Concerns for the security of application run in the cloud are running high. The perceived lack of security of cloud platforms is often cited as the primary obstacle to adoption. Whether "cloud" is defined as infrastructure as a service (storage and compute services ala Amazon), platform as a service (application deployment environment ala Google App Engine), or simply as application outsourcing (SAAS ala SuccessFactor), almost everyone is lamenting at the security inadequacies of these new computing platforms.
This raises the question whether cloud providers should envision becoming security companies. After all, why would CIOs ever shift their entire IT infrastructure to the cloud unless the cloud came with strong security, compliance assurance and operational risk management? Conversely, should security companies rapidly transform themselves into cloud providers? After all, why would an enterprise that has crossed the Rubicon of moving the IT infrastructure to the cloud ever want to keep on buying security from a security company? Instead, would not enterprises customers expect cloud service providers to bake in security as part of the cloud offering? Despite the need for secure clouds, security companies are not yet focusing on IT infrastructure as a service. Instead, most security vendors are exploring security as a service, that is the cloud as a delivery mechanism for traditional security services. The MessageLabs acquisitions by Symantec, the MX Logic acquisition by McAfee and the recent acquisition of ScanSafe by Cisco gives credence to the popularity of the cloud as the savior for all enterprise security companies faced with the spectrum of contracting software licenses revenue and profit margins.
Interestingly, the so-called insecurity of the cloud does not need to be a perennial curse. The shift of IT to the cloud actually provides a significant opportunity to improve the way we do IT security today. In the same way as the cloud is transforming IT deployment and management, it will transform security. Consider for example, vulnerability and patch management. From a security standpoint, the most tangible risk is the failure to keep up with the constant, labor-intensive process of patching, maintaining and securing each server in a company. Although vulnerability assessment can be automated through external network and application penetration testing, there is still a lot of labor-intensive process and extreme customer pain in patching networks, servers and software: ports must be closed, networks must be segmented, patches must be installed installed, application code needs to be changed, etc.

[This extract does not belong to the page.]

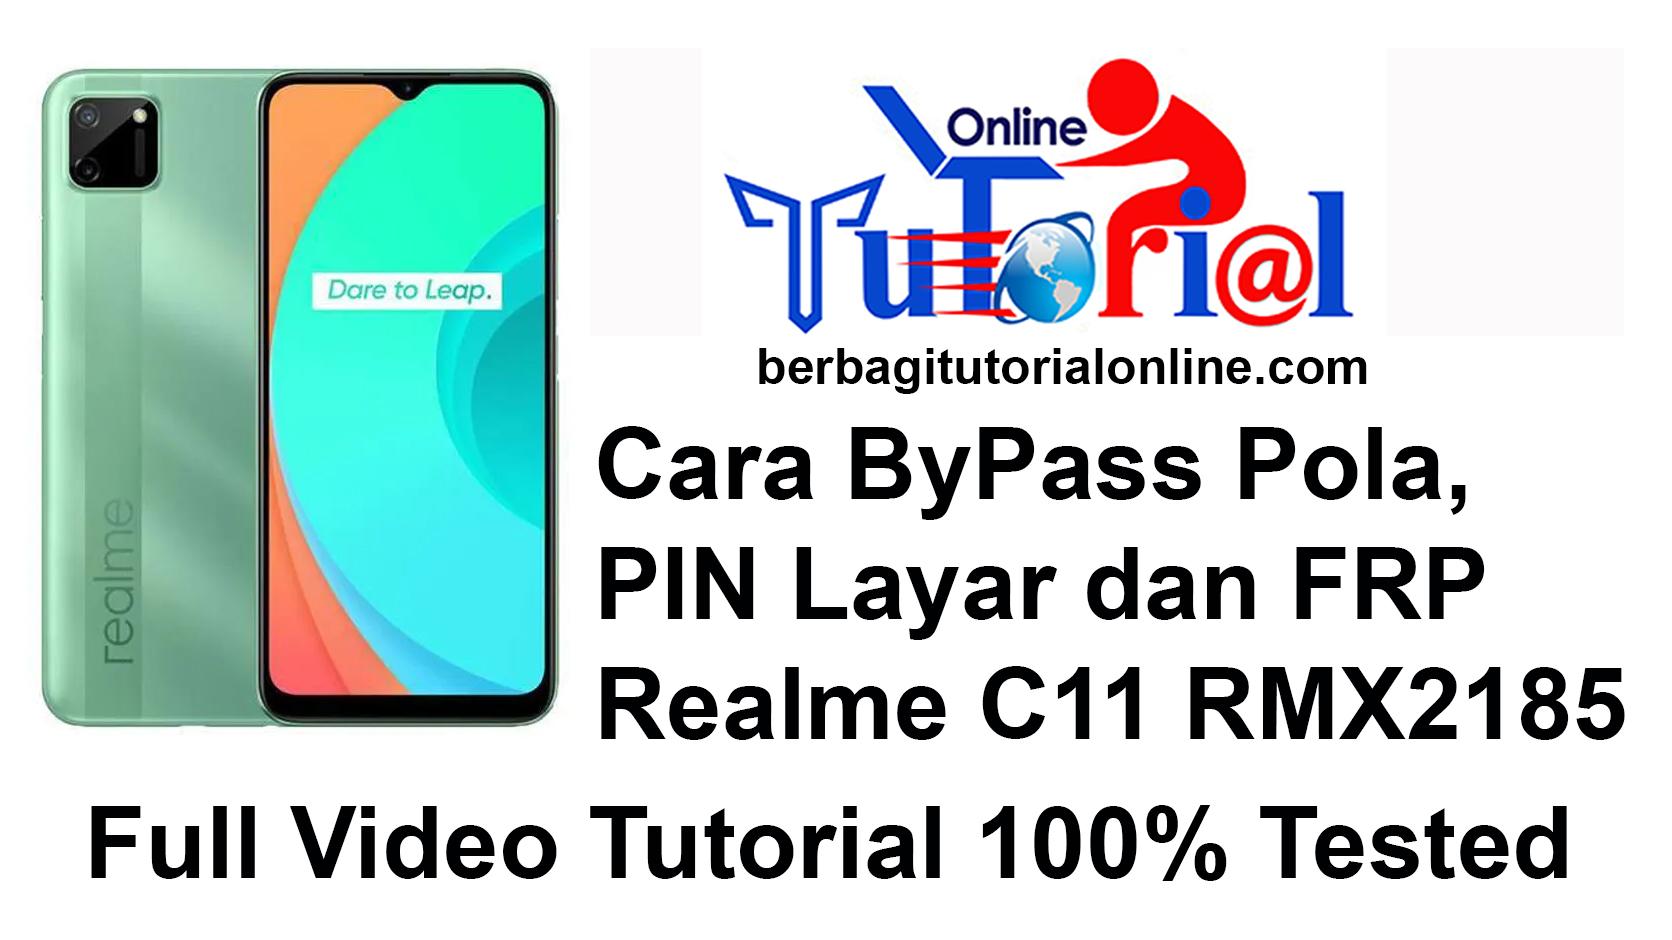 Cara ByPass Pola, PIN Layar dan FRP Realme C11 RMX2185

Contrast this to what the cloud can enable. If an application is running in the cloud, the cloud provider takes responsibility for the hardware, OS, network, and third party software, making sure they are hardened and certified. A choice of infrastructure elements with varying security assurance levels is offered, but the customer internal security policies govern deployment. All infrastructure elements are periodically pen-tested for known and zero-day exploits. As new vulnerabilities are identified, an automated patch process is implemented. New virtual images are built and automatically deployed across the virtualized infrastructure. Virtual switch segments and firewall rules are updated in real-time. When vulnerabilities are found in the custom IT application code, a virtual Web Application firewall automatically blocks them. Virtual IPS and IDS capture, correlate and log all security events. Compliance logs, reports and scan results are automatically sent to customers and auditors whilst being securely archived. An end to end managed security model, orchestrated by a pool of specialized and over-trained security administrators becomes possible; a far cry from today's reality of patching and software security maintenance.

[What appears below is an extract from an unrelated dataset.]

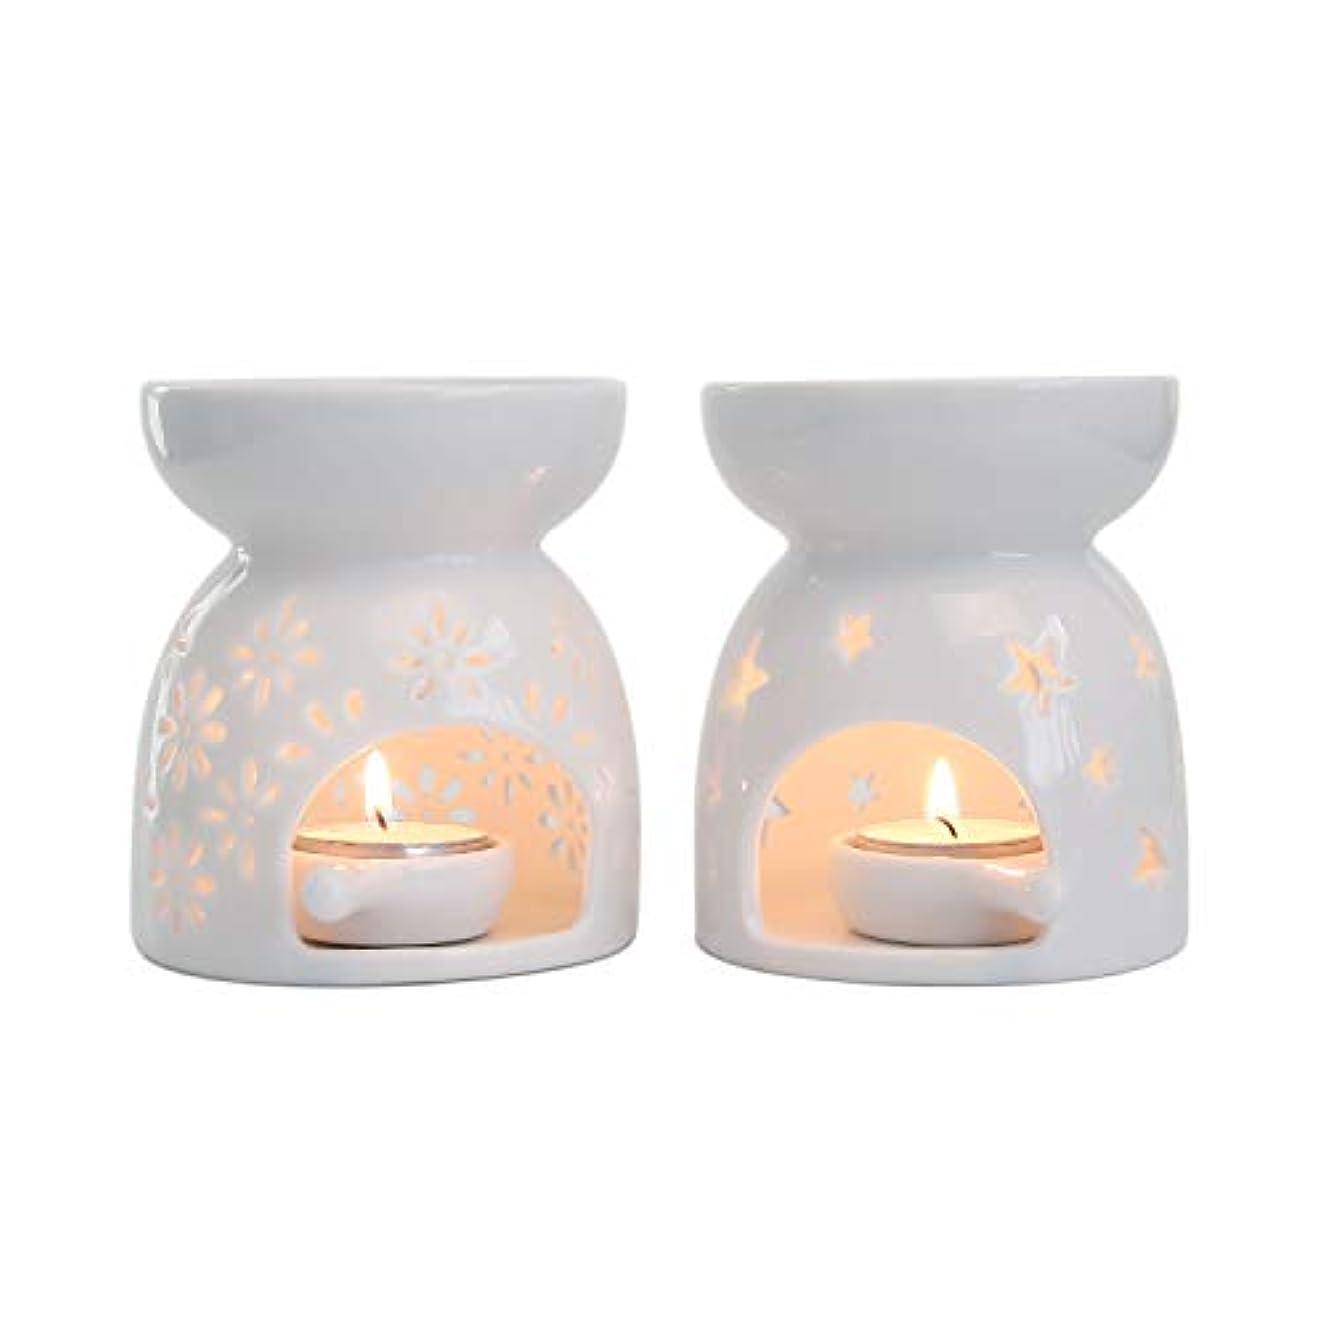 涙パワー安全でないRachel's Choice 陶製 アロマ ランプ ディフューザー アロマキャンドル キャンドルホルダー 花形&星形 ホワイト 2点セット

Therefore, far from being a security liability, the shift to the cloud is an opportunity to streamline, automate and strengthen IT security. For progressive security companies, this could be game changing. For those unable to renounce their addiction to an aging licensing business model, it could be doomsday. In the same way that the cloud is challenging software platform vendors and ISVs, the cloud is about to disrupt the world of security. The quest for security differentiation in cloud platforms may even drive industry consolidation. Of course, skeptics will assert that the cloud is a fad and that nothing is really changing (watch Larry Ellison at the Churchill Club exposing the hype). Denying the transformational nature of virtualization (the genuine cloud OS) and multi-core computing technologies may be shortsighted. Ignoring the business model disruption of pay-as-you-go over software licensing may prove unwise. Personally, after a year of contracting GDP and anemic recovery forecast, I find it invigorating to believe that one in a decade technology disruptor and market breaker lies right in front of our industry. Displeases Mr Elisson, for once, keeping your head in the cloud may be the smartest IT business strategy for the many years to come.